So far, have 18K mi. No problems, it's been to the dealer for 1st oil change at 13K, that's it. Oh, it's driven daily.


----------



## AuricanX (Jul 28, 2003)

*Here we go*

First let me say this: So far I've read very few posts that I disagree with. Everyone has very good points, but I think, being on a bimmer board an all, one thing has not been adressed - Heritage.
BMW has a rich heritage of both track, and street legends. Nissan has two, the Z and the skyline. The G35 Coupe in the States is the watered down version of what's probably going to be the new Nissan Skyline R35, a twin turbo in-line 6. Impressive...but not what you're buying. The skyline would have four wheel drive, the sedan *will* have that option at a bigger price. I don't wanna stray off the subject, but the bottom line is that you're driving a temporary vehicle in terms of greatness. As someone posted before, the E46 is going to be timeless. With the PTG team doing so great in the M, the 325 will feed off that. Nissan is a young energetic company, but compare it to the Bavarian giant, and you can hardly assume that the Japanese is a contender. If you're a *driving enthusiast* there shouldn't be a question on which you choose.
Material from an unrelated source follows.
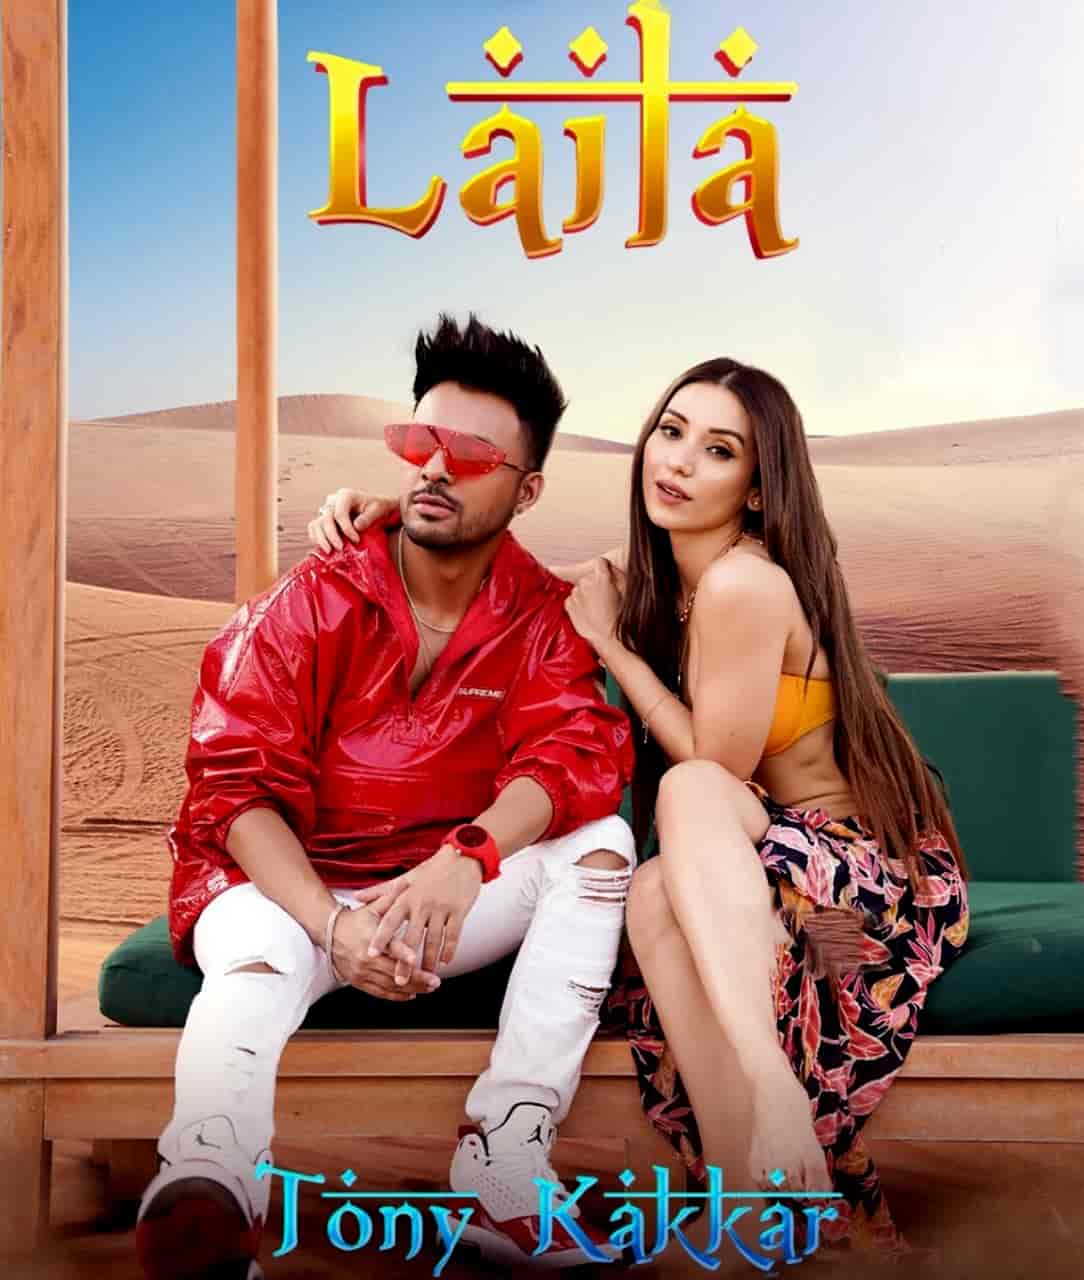 Laila Hindi Dance Song Image Features Tony Kakkar

If you're treating it as transportation from A to B. Then it comes down to economics.
Now to the hypocritical issue, I have two cars in my household, a '90 240SX, and a 328i (e46). I love the SX, but that's because it 1500 dollars when I bought it, and it saves me money for the 330i downpayment (by that time the 328 is gonna turn into a 530 for the Mrs.).
Does grade 98 octane flow through your veins? Or do you need your average daily driver?


----------



## AuricanX (Jul 28, 2003)

So you're saying Nissan is older, or more prestegious? Because I disagree on both, I said young and energetic, not smaller. Like I said, I own a nissan, I have nothing against the company, I just like bmw better


----------



## ts330ci (Jul 30, 2003)

___lk___ said:


> the company we know today as "nissan" has been making cars longer than bmw, so it's not younger, and certainly not smaller than bmw.
> 
> prestige? i'm with u on that one, although the 240Z invented a segment all its own, and was just as influential as the bmw 2002's of the world.
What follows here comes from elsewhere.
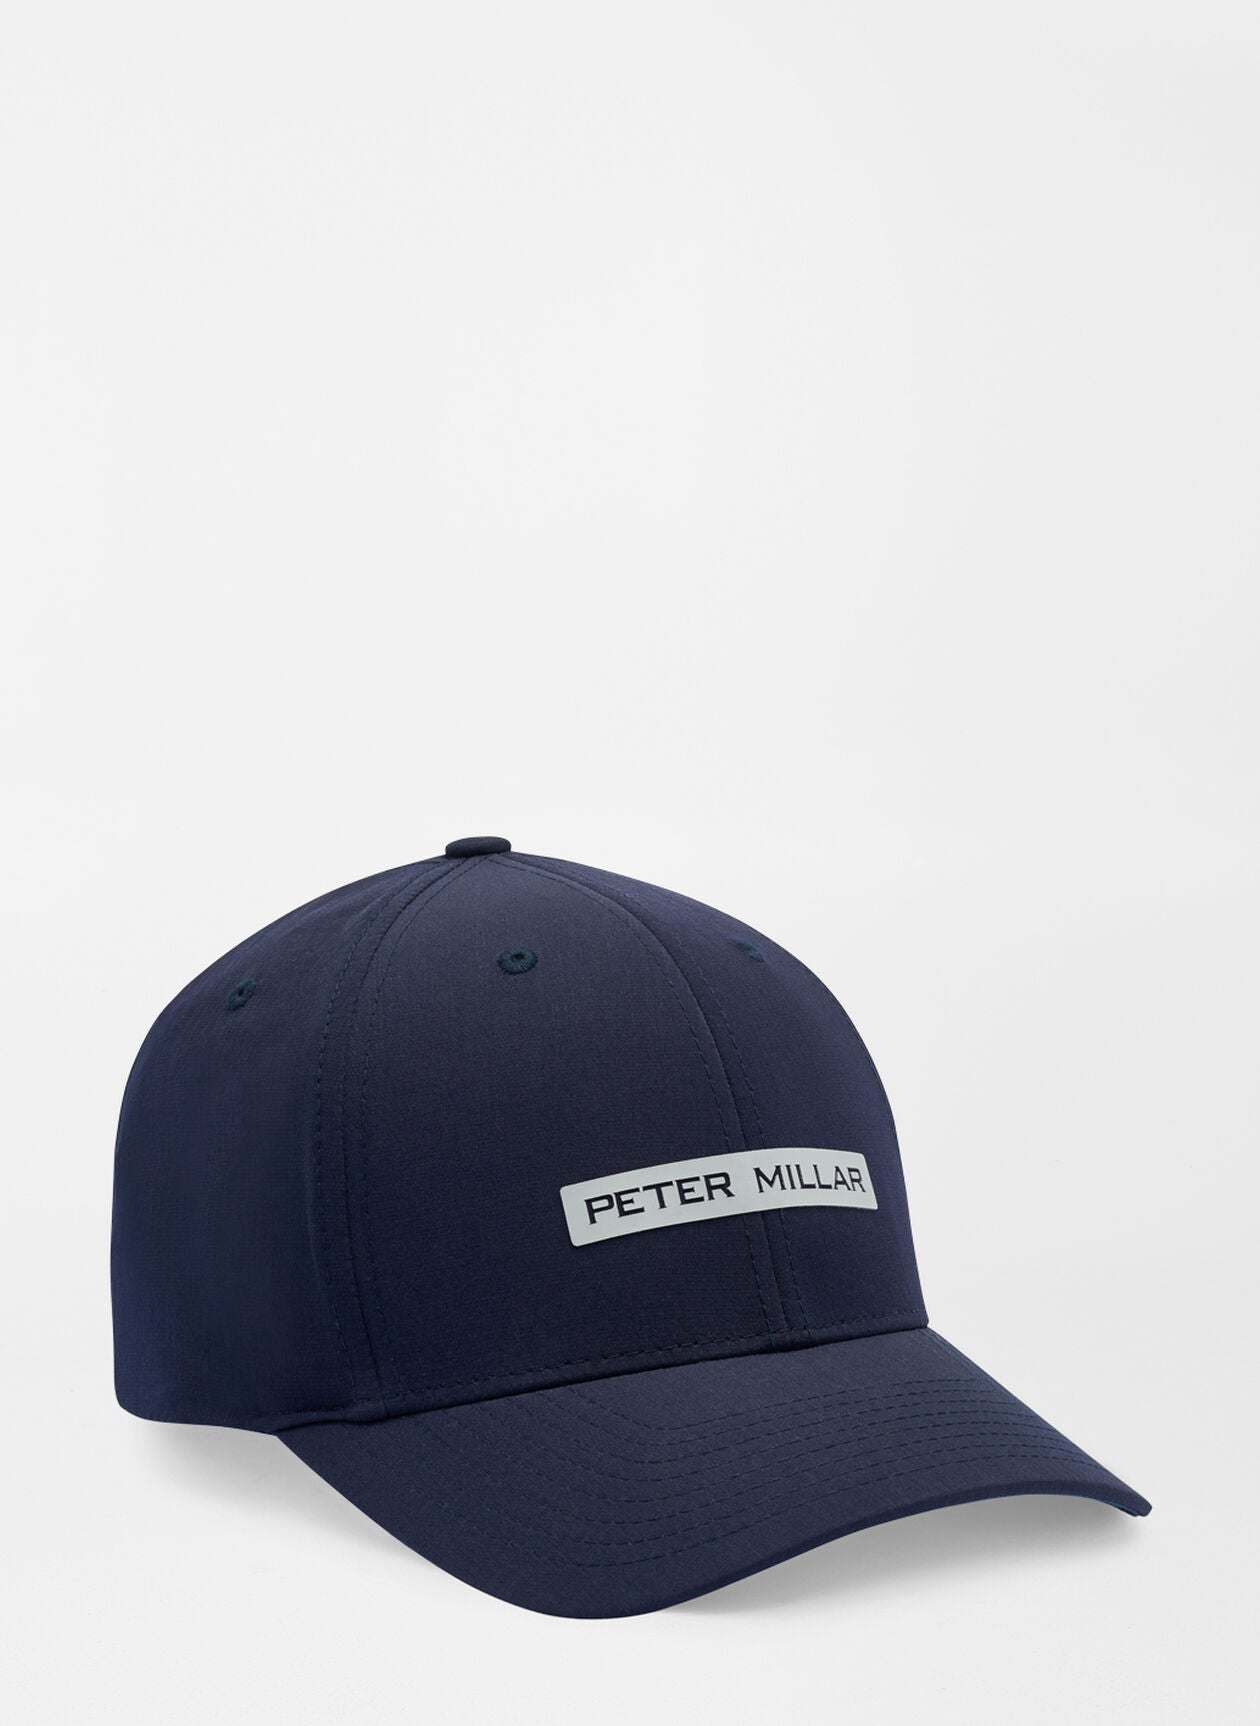 Peter Millar Perfromance Hat Navy

Nissan (Datsun) makes some very reliable cars.
Our first one was a 1976 Datsun B210, went 4 times over odometer.
Had only oil and brake changes at 200K needed new head gasket. Gave it to my nephew who is still driving it to college.
Next were a pair of 1988 Nissan Maxima's (identical trim levels and color) dealer gave us a great deal on both (due to end of body style, got $2500 below invoice on both). Each one drove pass 150K. Each one needed alternators replaced (one at 115K the other one was at 122K), other wise oil, brake, filter changes only.
Then bought a 1991 Nissan Hardbody truck - 78K traded it in for a 94 Nissan Quest (need of a family hauler) at present has 105K. The quest had the most servicing, both CV joints had to be replaced, 2 motor mounts blew at 90K. But other than that it never stranded us.
The G35C is very nice and great performance and good value for the money but after driving the 330Ci (even though it had less HP, I felt it was a more complete/ overall better package) I put my money on the Bimmer. (BTW, if the interior,rear design and trunk space had appealed to me then I would have purchased the G since my other Nissan's were bullet proof)


----------



## Scorp76 (Dec 9, 2002)

Nissan reliability and quality are both going downhill fast. Maybe if they paid more attention to something other than having the most _advertised_ HP in class, and fire whoever designs their rear ends, they would have decent products.


----------



## ts330ci (Jul 30, 2003)

Scorp76 said:


> Nissan reliability and quality are both going downhill fast. Maybe if they paid more attention to something other than having the most _advertised_ HP in class, and fire whoever designs their rear ends, they would have decent products.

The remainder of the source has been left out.